1. Field of the Invention
The present invention relates to a DNA aptamer specifically binding to human cardiac troponin I, and a composition and a diagnostic kit for the diagnosis of acute cardiovascular diseases, comprising the same.
2. Description of the Related Art
Troponin is a complex of three regulatory proteins (troponin C, troponin I and troponin T) that is attached to the protein tropomyosin and lies within the groove between actin filaments in muscle tissue to regulate the contraction and relaxation of muscle cells. When the intracellular levels thereof rise, Ca2+ is bound to specific sites on Troponin C to produce a conformational change in Troponin I so that myosin can attach to the actin filament active sites, giving rise to the contraction of the muscle. This action is observed in both skeletal and cardiac muscles. The length of the amino acid sequence of Troponin I and Troponin T that act on cardiac muscle are different from the corresponding ones expressed in skeletal muscle.
The expression level of cardiac troponin I is known to rapidly increase upon the outbreak of acute cardiovascular diseases. Thus, the detection of this protein is very important for the initial diagnosis of acute cardiovascular diseases.

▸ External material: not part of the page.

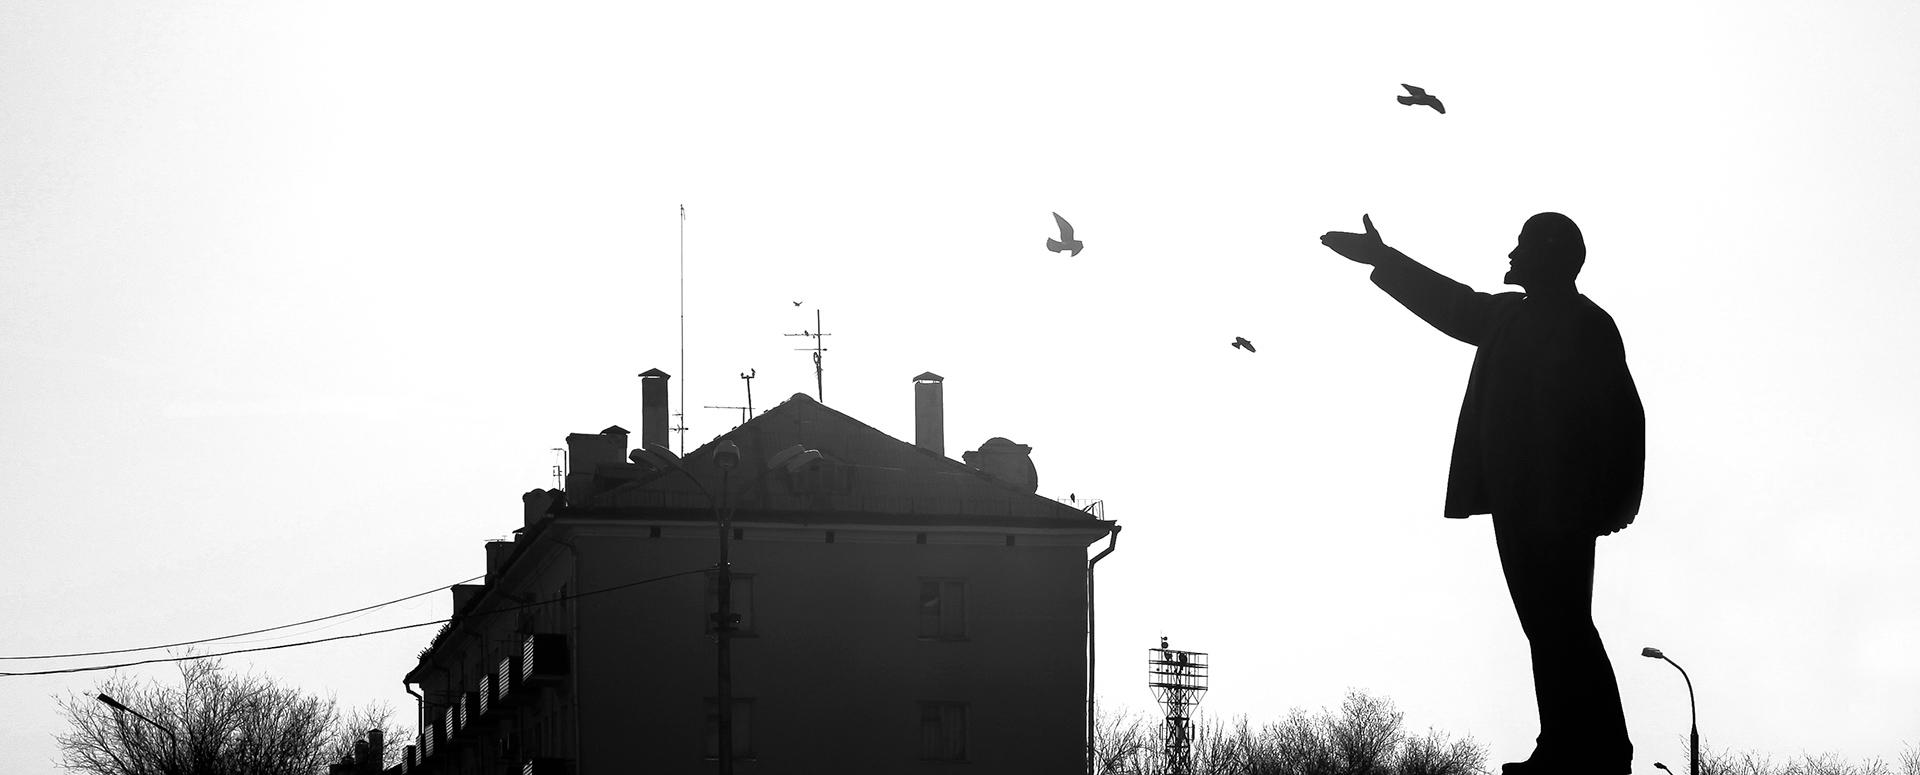 Central square, Baikonur, Lenin, Birds, USSR, Soviet Union

An aptamer is a single strand DNA (ssDNA) or RNA (ssRNA) that binds to a specific target. Thanks to their high affinity and stability to a specific target, they have recently been extensively developed and actively applied to the therapy and sensors for diagnosis of diseases. The synthesis of aptamers can be relatively simple, and cells, proteins and even small organic substance can be utilized as their targets, which allows for the development of new detection methods. In addition, aptamers find a wide range of applications in various fields, including the development of therapeutics, drug delivery systems, biosensors for diagnosis, etc. because their specificity and stability are superior to those of the antibodies that were developed previously.
Antibodies developed for diagnostic use are prepared using the immune system and thus suffer from the disadvantage of their preparation consuming a lot of time and expense, comparatively. Further, they are proteins that have poor stability, compared to aptamers, DNA or RNA, which may act as an obstruction to the development of highly sensible sensors.
Although many detection systems for troponin I have been developed on the basis of antibodies to troponin I, as mentioned above, they are subject to a lot of limitations. There is therefore a need for a detection system that is more stable and which can be operated at low cost and effectively diagnoses acute cardiovascular diseases in an early stage.